Options_and_Arguments


Options to vcfMerger2.py

required arguments:

--vcfs VCFS List of vcfs file delimited by DELIM character; default DELIM is "|" (piped character) ; if needed re- assign DELIM using --delim option; The PATH to the VCFs can be relative or absolute.

--toolnames TOOLNAMES List of vcfs file delimited by DELIM character; default DELIM is pipe unless --delim option is used using --delim option

-g REFGENOME, --refgenome REFGENOME reference genome .fa and its .fai index are used with bcftools norm; must match reference used for alignment.

--dict dictionary file of the reference genome fasta file generated by the tool 'picard'. This file has usually the extension .dict. This is used to sort properly the contigs in both the header and the data section of the vcf file.

--prep-outfilenames PREP_OUTFILENAMES delim-separated names to the tool-specific prepared vcf files; Important: This option is Mandatory ONLY and ONLY if the inputs vcfs are "RAW" vcfs. The PATH to the VCFs can be relative or absolute. If only the name is given, the vcf will be written in either the current working directory or in the directory defined using the option -d.
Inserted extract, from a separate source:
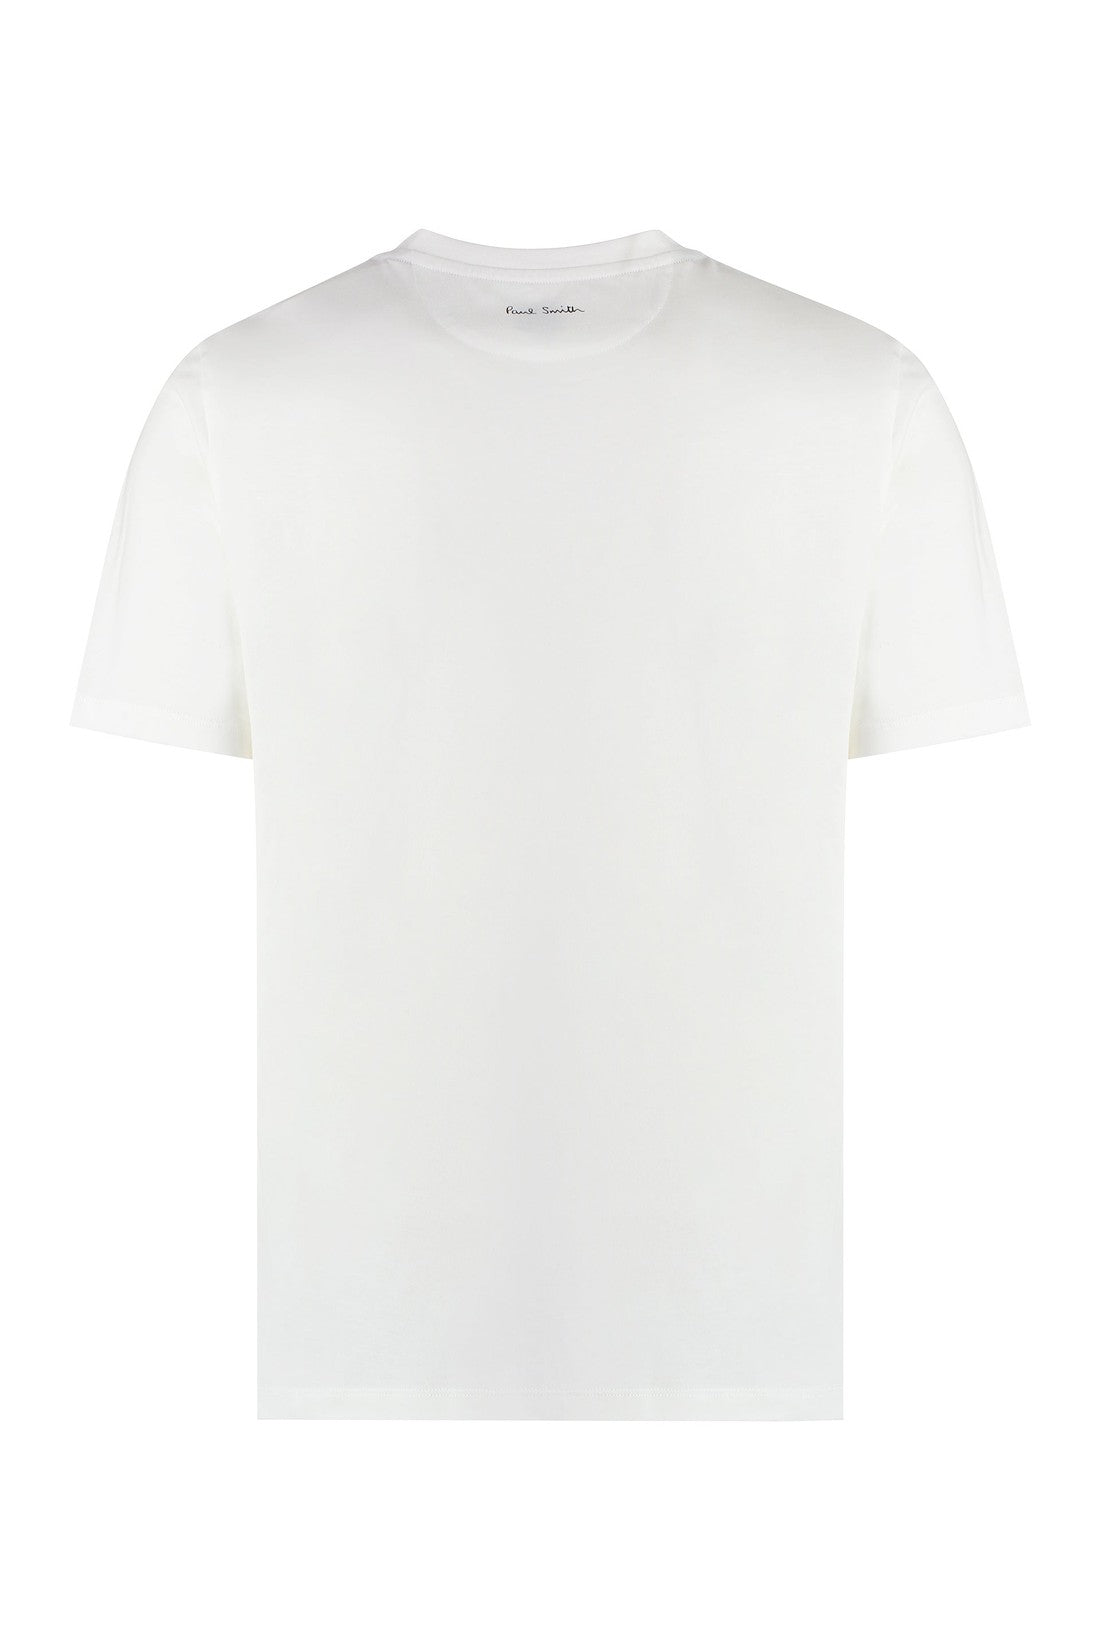 Paul Smith-OUTLET-SALE-Cotton crew-neck T-shirt-ARCHIVIST

See Example_1 and see QuickStart section.

-o MERGED_VCF_OUTFILENAME, --merged-vcf-outfilename MERGED_VCF_OUTFILENAME outfilename for the merge vcf (path can be relative or absolute; if name only, merged file will be written in working directory)
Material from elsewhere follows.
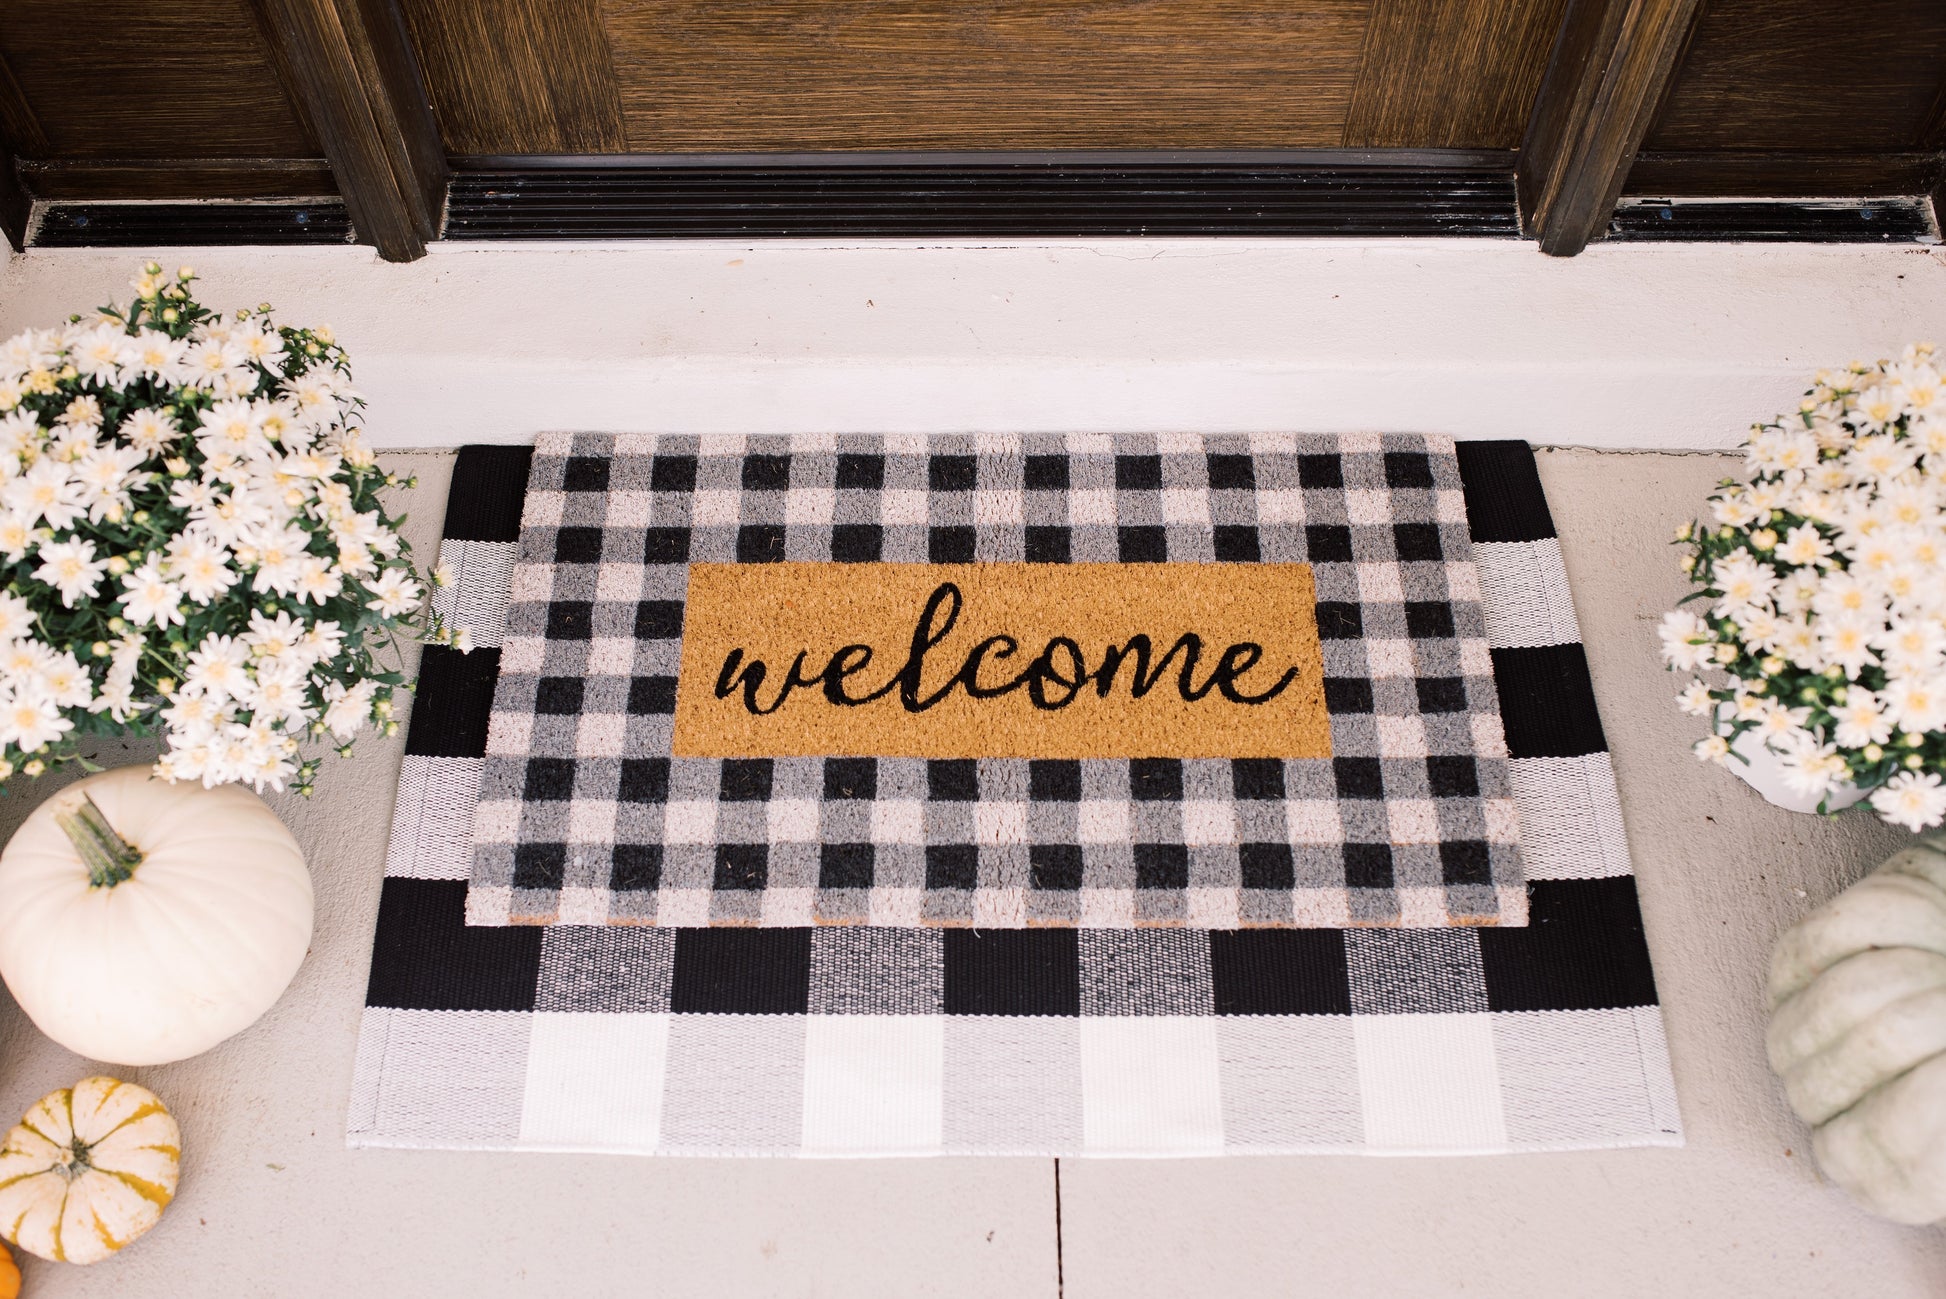 Welcome Gingham Plaid Coir Outdoor Doormat, (18 x 30)

additional required arguments if merging SOMATIC VCFs:

--tumor-sname TUMOR_SNAME expected name of tumor sample in vcf file (already present in VCF; used to make sure of the right column)

--normal-sname NORMAL_SNAME expected name of normal sample in vcf file (already present in VCF; used to make sure of the right column)

--bams BAMS List of Full Path bams necessary for capturing contigs if not present in input vcf; otherwise put empty_string as value for each tool [maybe deprecated in future as ALL the vcfs MUST contain the exact same contigs in their headers (if not check you input vcfs and update them)]

optional arguments:

--germline consider the inputs VCFs as GERMLINE only VCFs (and not somatic) This implies using the right toolnames associated to germline calls. as of 2019, we implemented preprocessing for three (3) germline variants callers: HaplotypeCaller, Freebayes and and Deepvariant. (see exact name using --list-tools ) ; WARNING: This Feature is still under high development and must be use at your own risks. By default, vcfMerger2 considers inputs vcfs as somatic vcfs. if you merge germline vcfs, you must enable this option.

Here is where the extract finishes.